We found out afterwards that the owners had done the work themselves and repaired a potential dry rot issues without professional help and our home inspection guy didn't catch it for us (oh well). Paints usually come in gloss, semi-gloss, flat, and satin finishes. Your wood and siding will ultimately determine which type of finish you choose. The gloss is by far the toughest and works great on trims or shutters that need to be highlights and stand out. Semi-gloss paints have less shine but are also very durable and work well on home exteriors. Satin paints (also called low luster or eggshell) work well on siding and flat paints go nicely with aluminum or vinyl sidings that have imperfections. You can browse the top selling exterior house paints online here.
Best Exterior House Paints:
If you are going to have your house painted and want it to last a long time, then experts say go with the Sherwin Williams Duration ($50/gallon). The exterior paint from Sherwin Williams is guaranteed for as long as you own your home. Your upfront cost will be significantly higher versus other premium paints, but if you plan on staying in your home for many years to come, then Duration is the best exterior paint to go with. It's a one-cast, self priming product and is pretty much maintenance free with no blistering or peeling. It comes in flat, satin, and gloss finishes. The PermaLast technology behind this paint is what gives it the longest lasting performance on the market today. Duration is a latex based paint. If $50/gallon is beyond your budget and you still want a quality paint with a solid reputation, consider the Sherwin Williams SuperPaint ($42/gallon) - still offering long endurance. Also, the Benjamin Moore exterior paints are well recognized and used by contractors and professional painters. Use the MoorGlo, MoorGard, and MoorLife products which range from $35 to $46 per gallon.
Top Rated Outdoor Paint for Homes:
Consumer Reports does some extreme tests on paints that let you see how the paints will be performing 3, 6, and 9 years down the road. The accelerated testing is done on the roof of their Yonkers, NY headquarters where the paints are exposed to all the weather elements and they rate them based on dirt buildup, mildew, color change, and cracking. Not all paints score so well after the equivalent of 9 years but their top rated choices include California Fres-Coat Velvet ($44/gallon) and Behr Premium Plus Ultra Flat Enamel ($37). The California Fres-Coat rated excellent for appearance after 6 years and the Behr did quite well with the equivalent of 9 years outdoors. Behr is substantially cheaper than Duration and holds up well. Glidden Spred Flat and Glidden Premium Flat were close behind in the ratings.

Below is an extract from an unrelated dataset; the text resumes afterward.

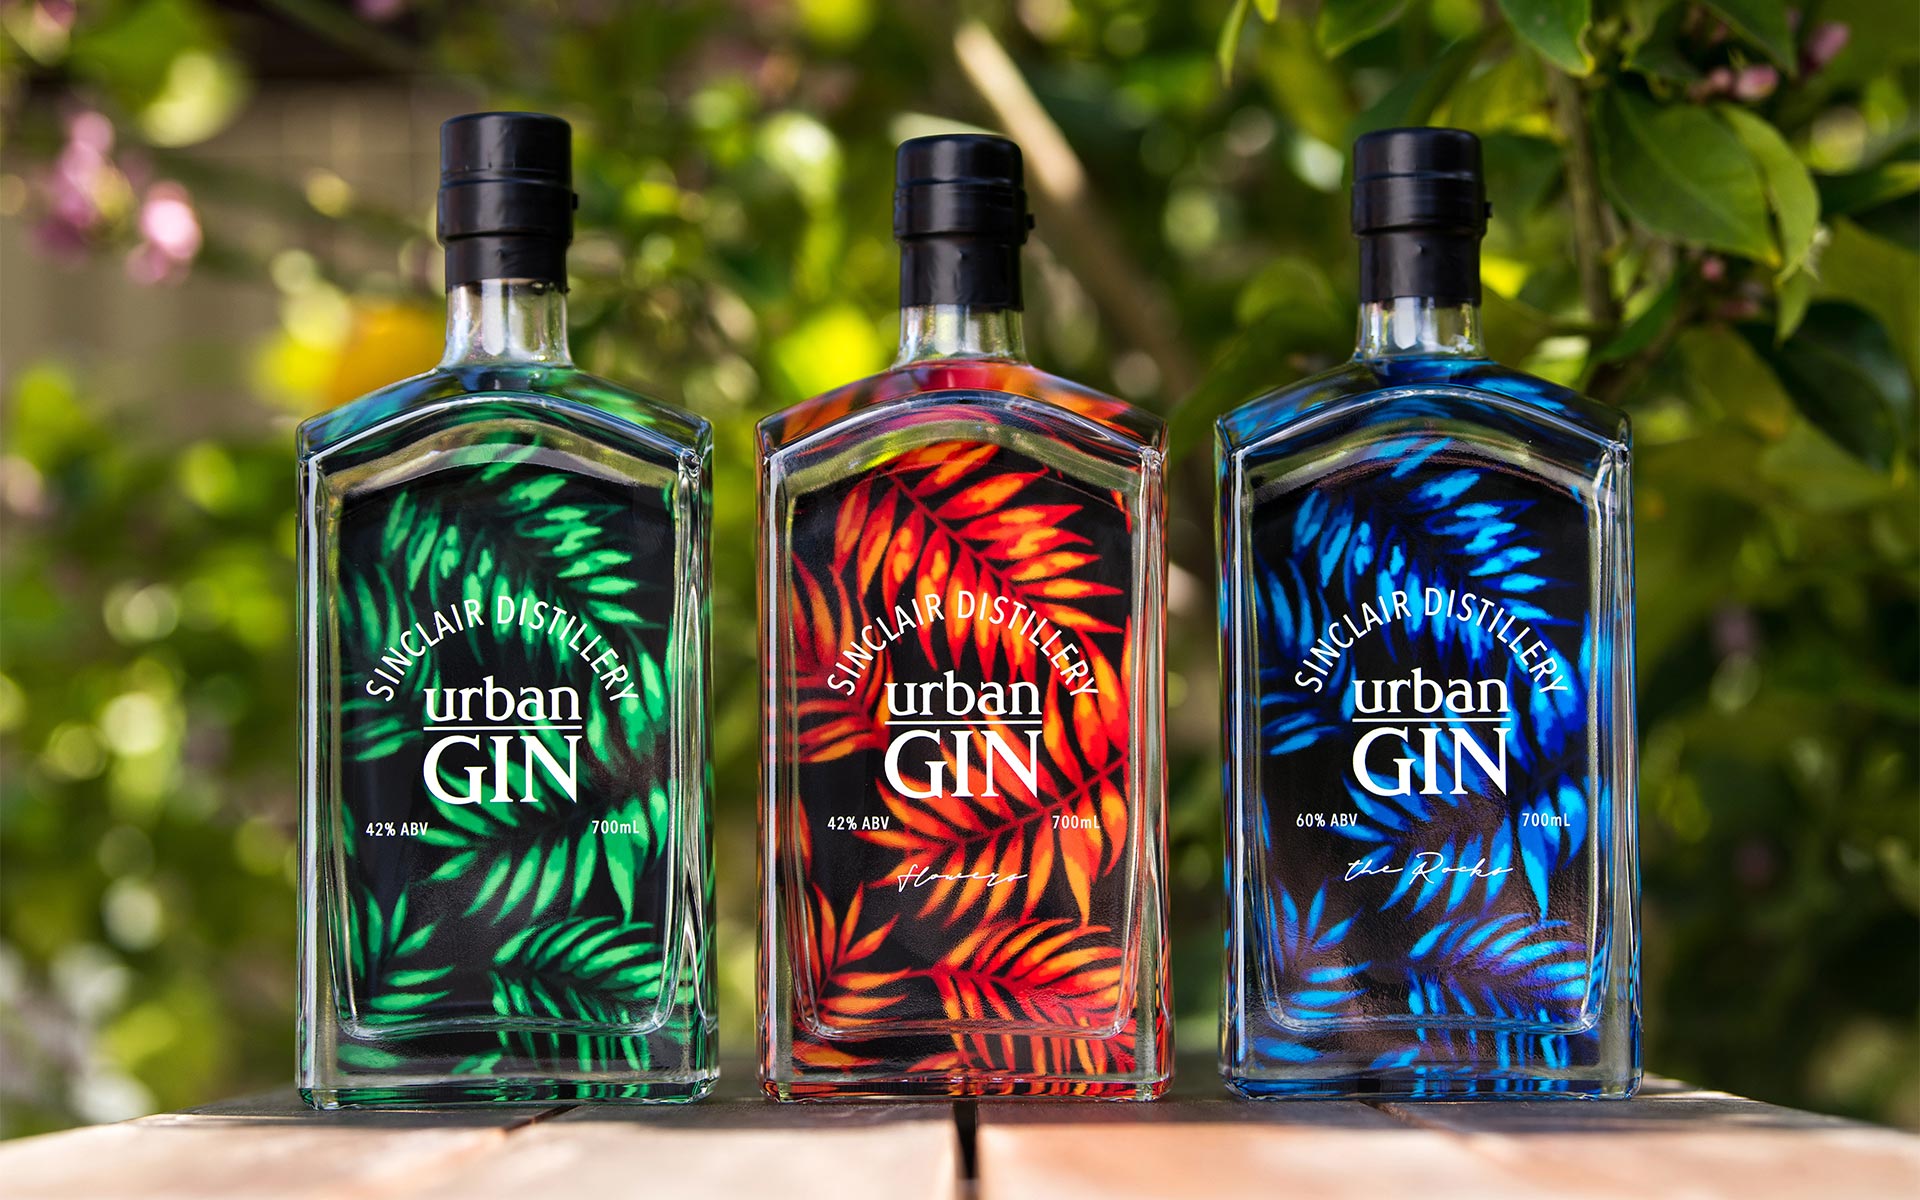 Urban Gin product range against a leafy background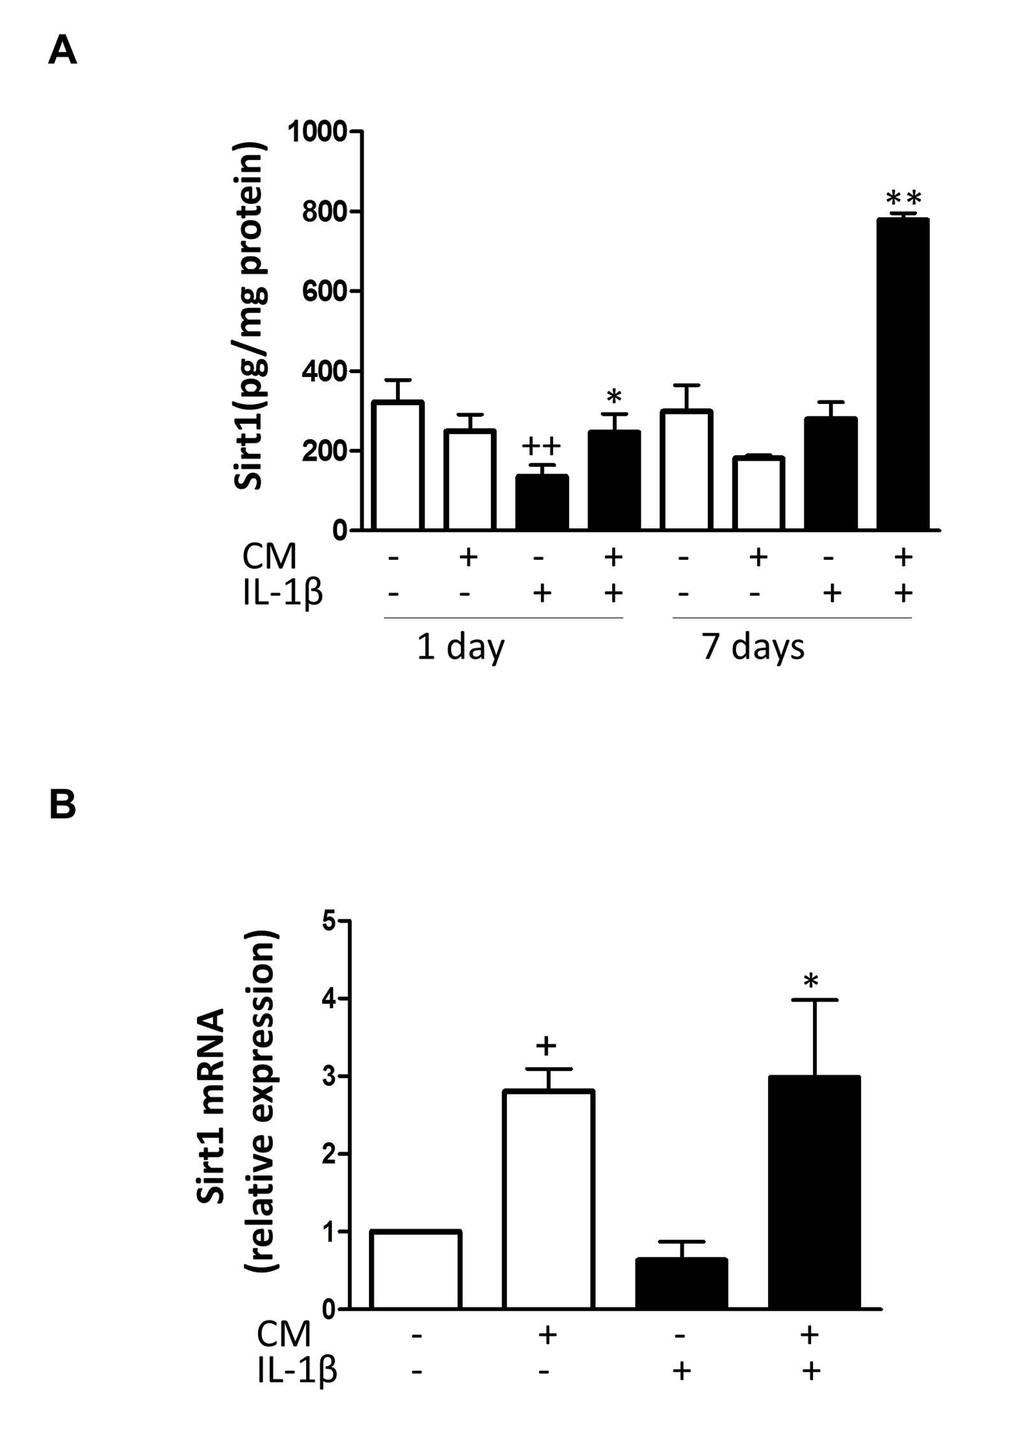 Effect of CM on Sirt1. (A) Protein levels of Sirt1 were assessed by ELISA. OA chondrocytes were incubated with IL-1β and/or CM for the indicated times. (B) Sirt1 mRNA expression was determined by quantitative real-time PCR. OA chondrocytes were incubated with IL-1β and/or CM for 24 hours. Data are shown as mean±standard deviation of N=8 separate experiments with cells from separate donors. +p

If you are painting the house just to sell it now or in a few years, spending a $1000 on Duration (above) is probably not worth it, so go with a bargain brand that will hold up for at least a few years or until you find a buyer. The Olympic and Kilz brands are fairly inexpensive at around $20/gallon and you can find Kilz in Wal-Mart stores. These brands provide great value but may not last as long as the premium products from Sherwin Williams or Benjamin Moore. Olympic is sold through Lowes home improvement stores. and we found some of the 5 gallon containers selling online for $100.